The Iran conflict bottlenecked Southeast Asian transshipment hubs — Singapore, Port Klang, Colombo — where cargo bound for the U.S. typically consolidates before crossing the Pacific. "Shippers moving cargo to the U.S. via these hubs are paying the price for bottlenecks created thousands of miles away," said Xeneta analyst Peter Sand. Far East to U.S. East Coast rates rose 19% over the same period. Even the trans-Atlantic lane from North Europe to the U.S. East Coast — which does not touch Asian hubs or Middle East ports — surged 46% compared to one month ago.
The cascading effect works like this: vessels reroute or delay to avoid conflict zones, missing scheduled calls at transshipment ports. Containers stack up. Shippers pay premiums to secure space on the next available sailing. That rate pressure transmits to every leg of the supply chain, including the drayage and domestic trucking moves that pull containers off the dock and deliver them inland.
What this means for drayage and domestic lanes
When ocean rates spike, two things happen to domestic trucking. First, importers who locked in higher container rates push harder on drayage and inland moves to recover margin — expect tighter negotiation on per-move rates out of LA/Long Beach, Oakland, Savannah, and the other major container gateways. Second, the volume itself becomes less predictable. Containers that would have arrived on a predictable weekly schedule now bunch up or skip a week entirely, leaving drayage fleets with uneven dispatch boards.
Small fleets running regular drayage loops should watch chassis availability and port congestion metrics closely over the next four to six weeks. If transshipment delays persist, you will see containers dwell longer at the terminal, tying up chassis and creating detention risk. The rate you quote today may not cover the wait you encounter next week.
How long the disruption lasts
The conflict has "migrated" rather than resolved, Sand noted, meaning the bottleneck is still active. Ocean carriers typically need four to six weeks to reposition vessels and clear backlogs once a disruption eases. That timeline assumes the conflict does not escalate further. If it does, the rate pressure extends.
For domestic carriers, the practical horizon is shorter: watch the next two weeks of container arrival data at your local port. If vessel delays persist past early May, the drayage crunch will follow. If arrivals normalize, rates should ease by mid-month.
The diesel connection
The same Middle East instability that rerouted container ships also pushed Brent crude over $101/barrel last week, adding fuel cost pressure on top of rate uncertainty. A 5-truck drayage fleet running 1,000 miles per truck per week burns roughly 715 gallons at 7 mpg. Every 10-cent move in diesel costs that fleet an extra $71.50 per week, or $286 per month. If diesel climbs another 20 cents while drayage rates stay flat, the margin disappears.
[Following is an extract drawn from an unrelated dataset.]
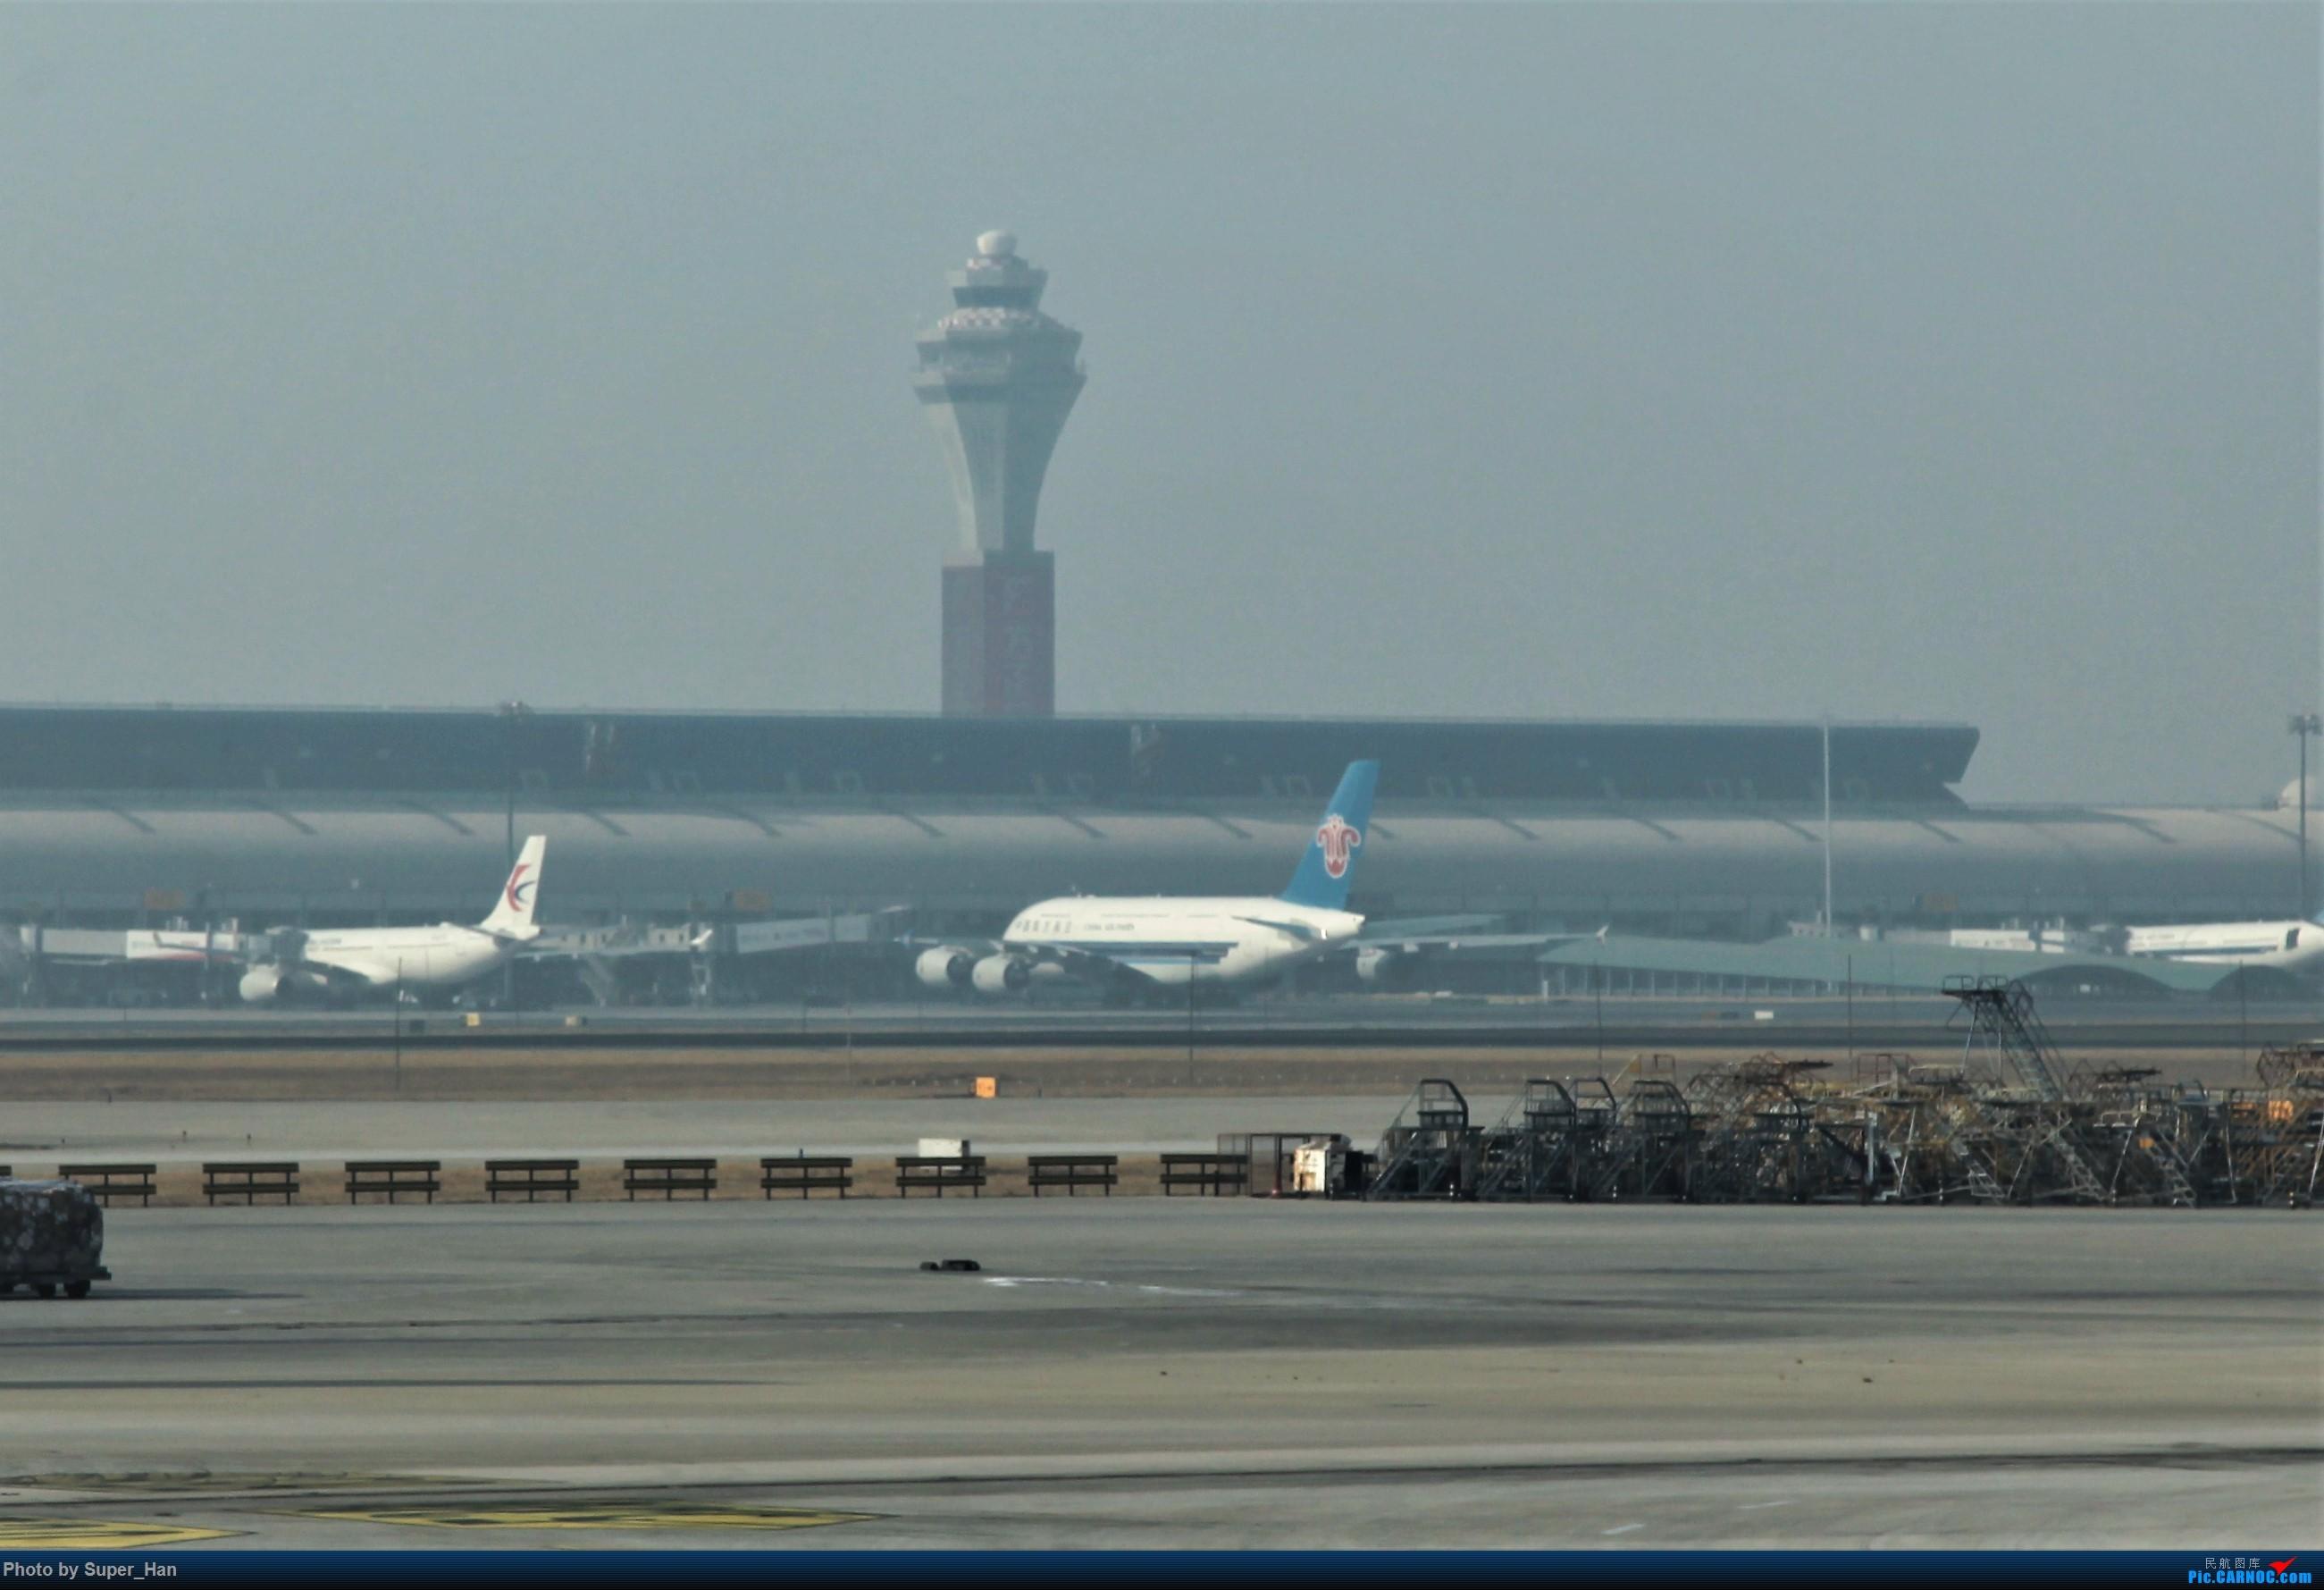 Re:[原创]2019虹桥出发飞北京第一拍 AIRBUS A380 B-6137 中国北京首都国际机场
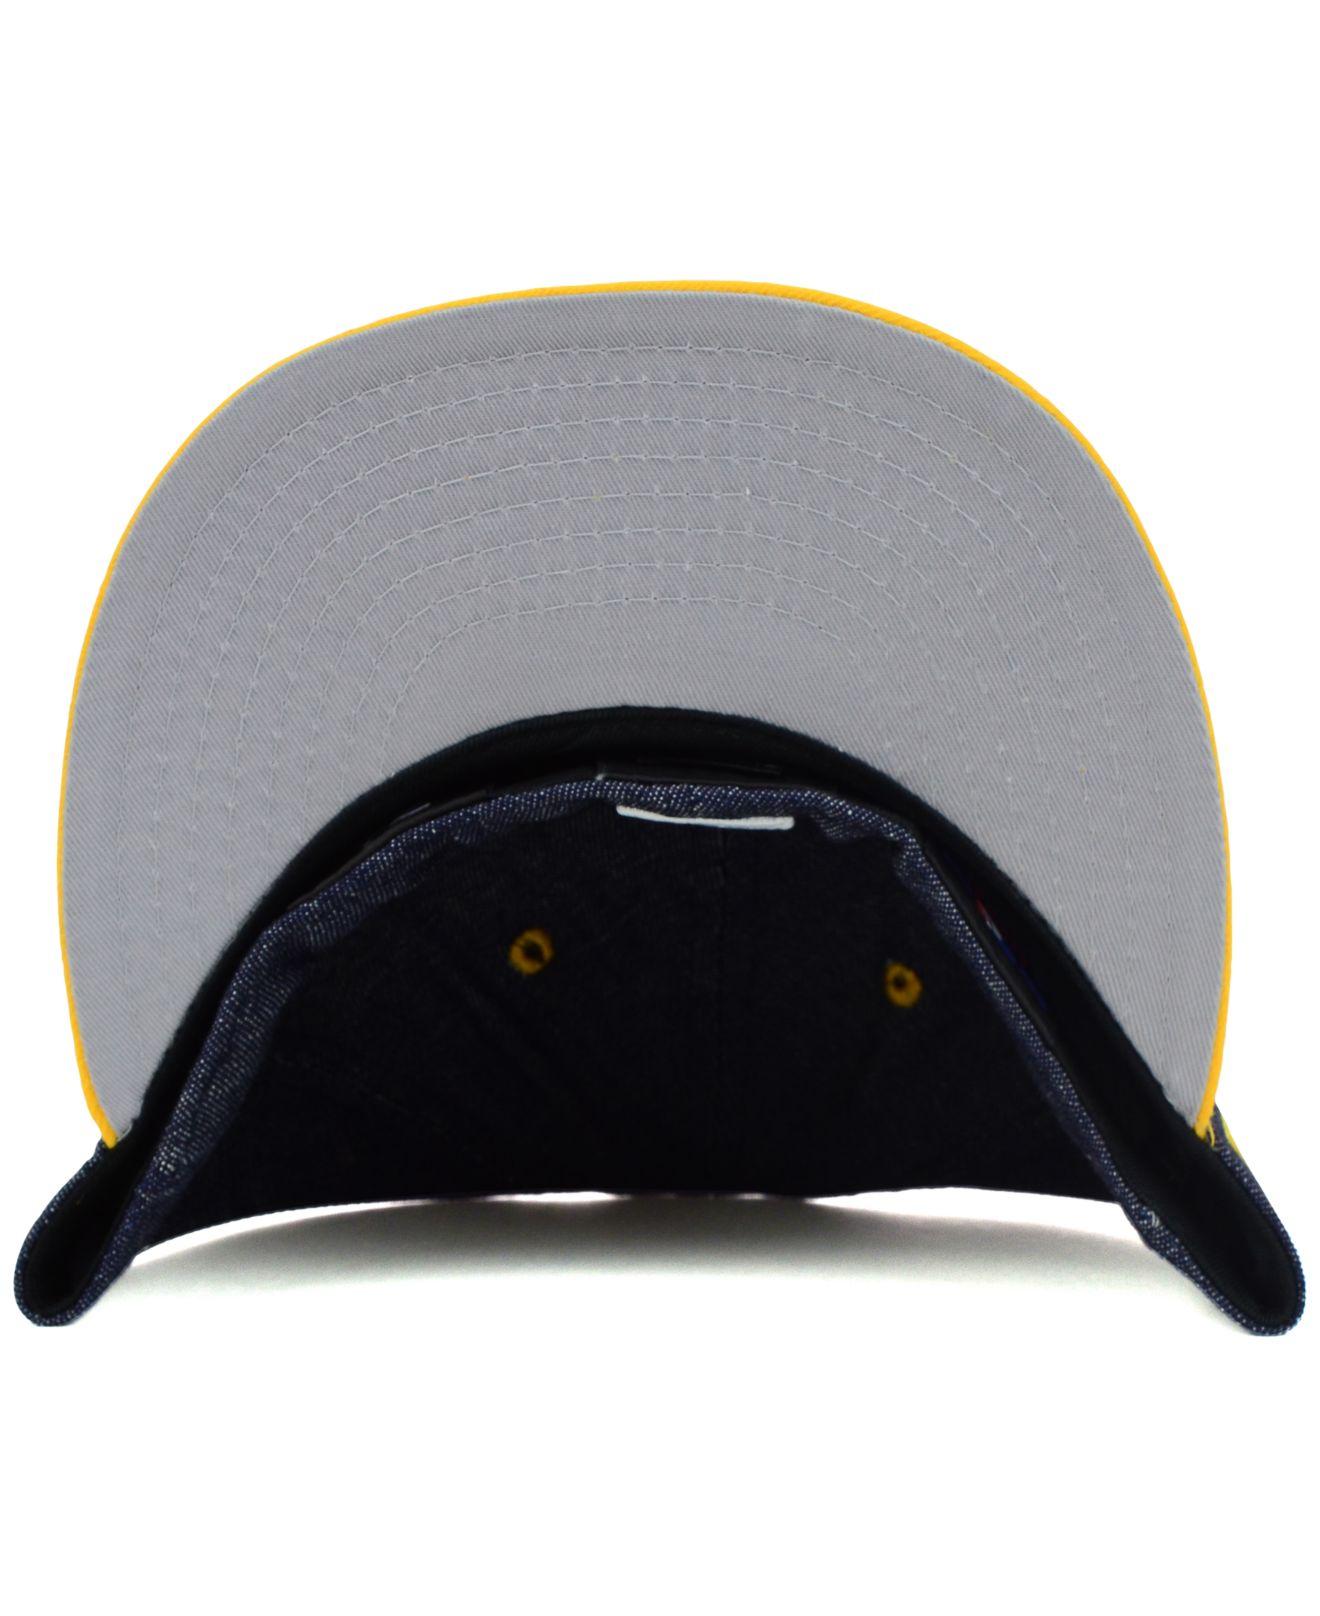 wholesale dealer 3f4d3 935db Lyst - KTZ Pittsburgh Pirates Mlb Team Color Denim 59fifty Cap in ...

What to do if you run drayage or intermodal
Three moves for the next 30 days:
- Price in detention risk. If you quote a flat per-move rate to a beneficial cargo owner or freight forwarder, add a detention clause that kicks in after two hours at the terminal. The current environment makes long waits more likely, not less.
- Track vessel arrivals, not just dispatch calls. Use your port's vessel schedule tool to see which sailings are delayed. If a ship that normally arrives Tuesday is now showing Friday, your Thursday pickup will not happen — plan driver schedules accordingly.
- Renegotiate fuel surcharges weekly, not monthly. If you are on a monthly FSC reset and diesel is moving 20 cents in a week, you are eating the difference. Push for weekly resets or a floating index tied to the prior week's EIA average.
The ocean rate surge is a leading indicator, not a trailing one. By the time it shows up in your settlement statement, the margin is already gone.